There’s a stretch of East Lawrence Avenue in Springfield, Illinois, where the sidewalk slows, right in front of 301.
What rises there isn’t flashy. It’s flat, linear, and oddly quiet in its authority. The Dana-Thomas House doesn’t beg for attention; it keeps it.
Built from 1902 to 1904, this house was built at a time when both its architect and its owner were at turning points.
Frank Lloyd Wright was 35, and Susan Lawrence Dana had just become a widow.
The plans were supposed to be a remodel, but they turned into Wright’s largest residential commission to date.
Over 100 pieces of custom furniture, hundreds of art glass panels, and a floor plan that refuses symmetry in favor of motion.
It’s easy to call it architecture. But the house is more exact than that—it’s the product of a one-time match between money, timing, and vision.
If you’re interested in the origins of Prairie design, it’s one of the essential things to do in Springfield, Illinois.

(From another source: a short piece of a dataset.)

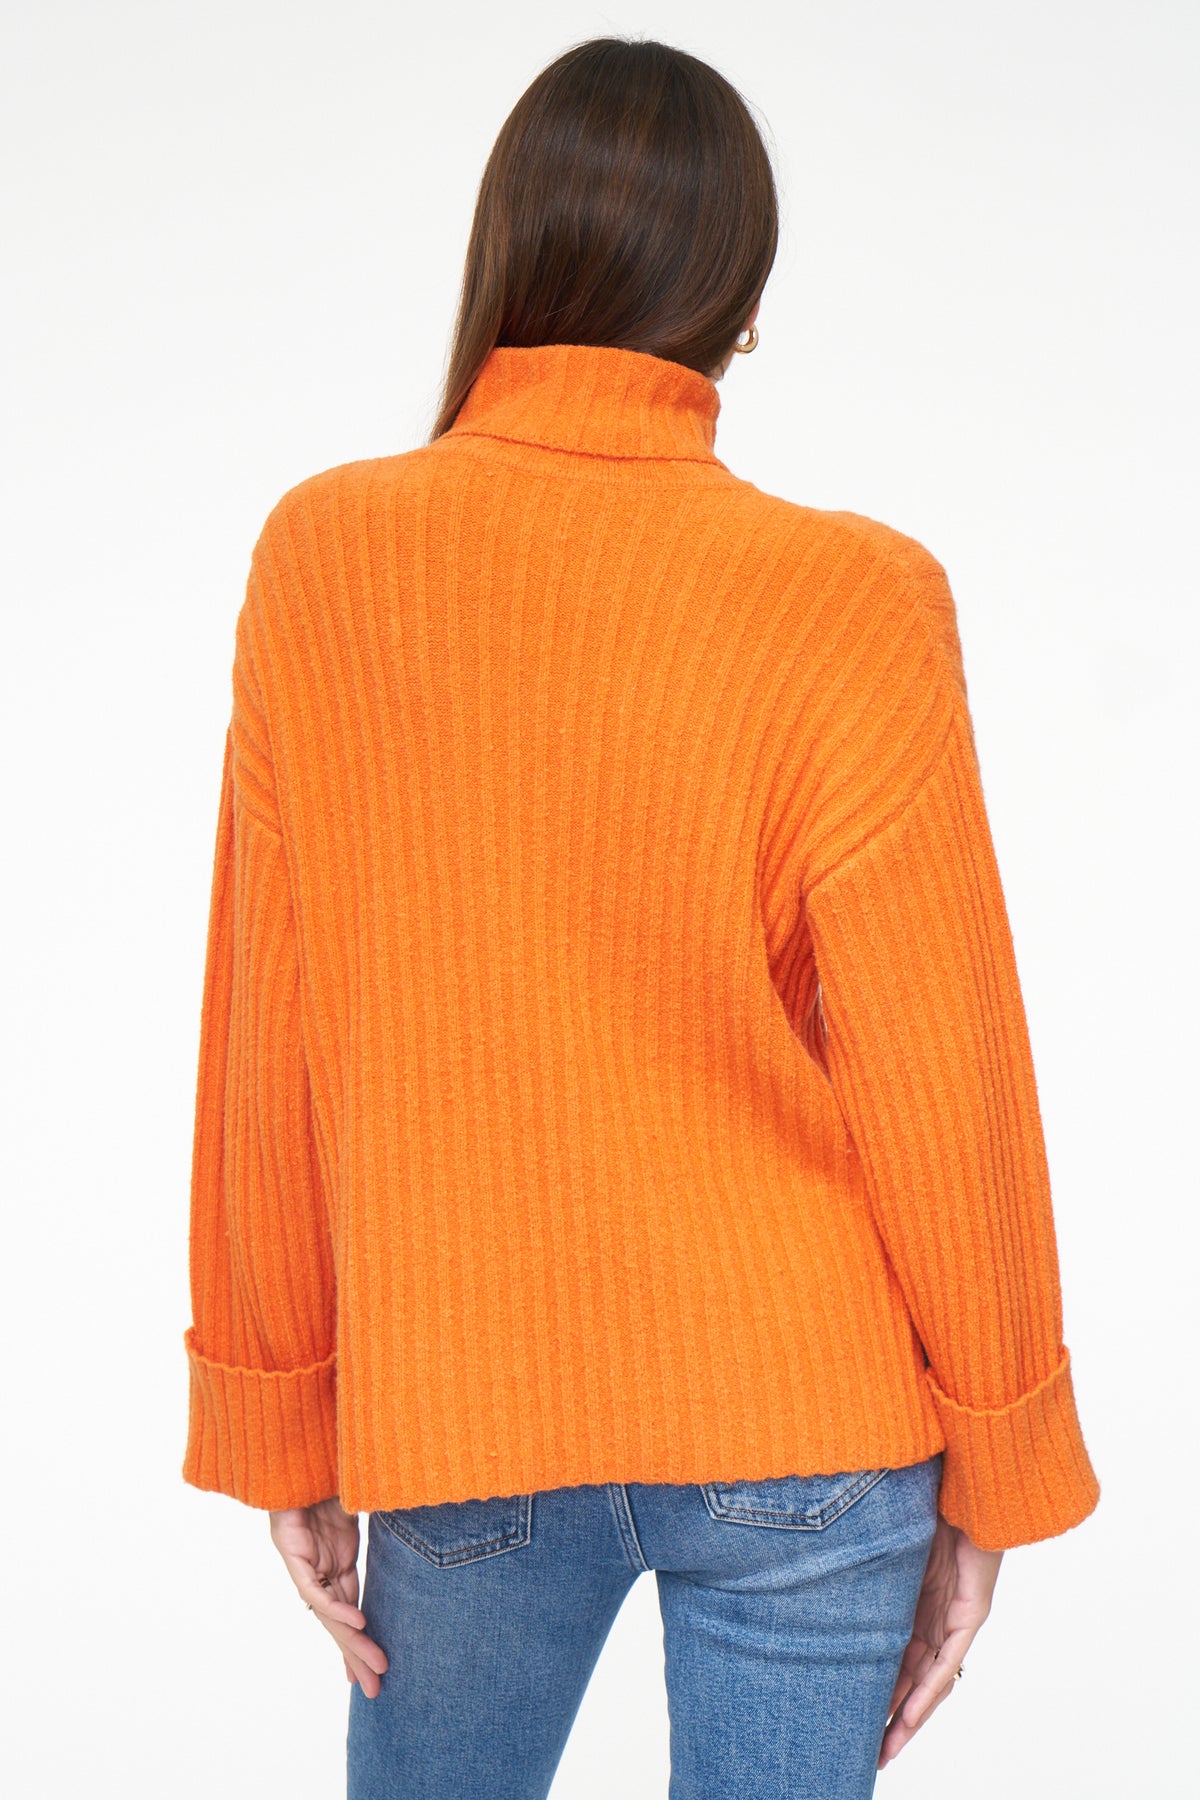 Dallas Relaxed Turtle Neck Sweater - Burnt Orange

Susan Lawrence Dana – Patron and Progressive
Susan Lawrence Dana was born into comfort. Her family made its fortune through Rocky Mountain silver mines.
By 1900, she was back in Springfield, Illinois—wealthy, widowed, and ready to direct her household without restriction.
That same year, she inherited her father’s Italianate mansion on what was then called Aristocracy Hill.
Dana didn’t keep it long, and it was not in its original form.
Two years later, in 1902, she hired Frank Lloyd Wright, then a rising figure in Midwestern design, to reimagine the space.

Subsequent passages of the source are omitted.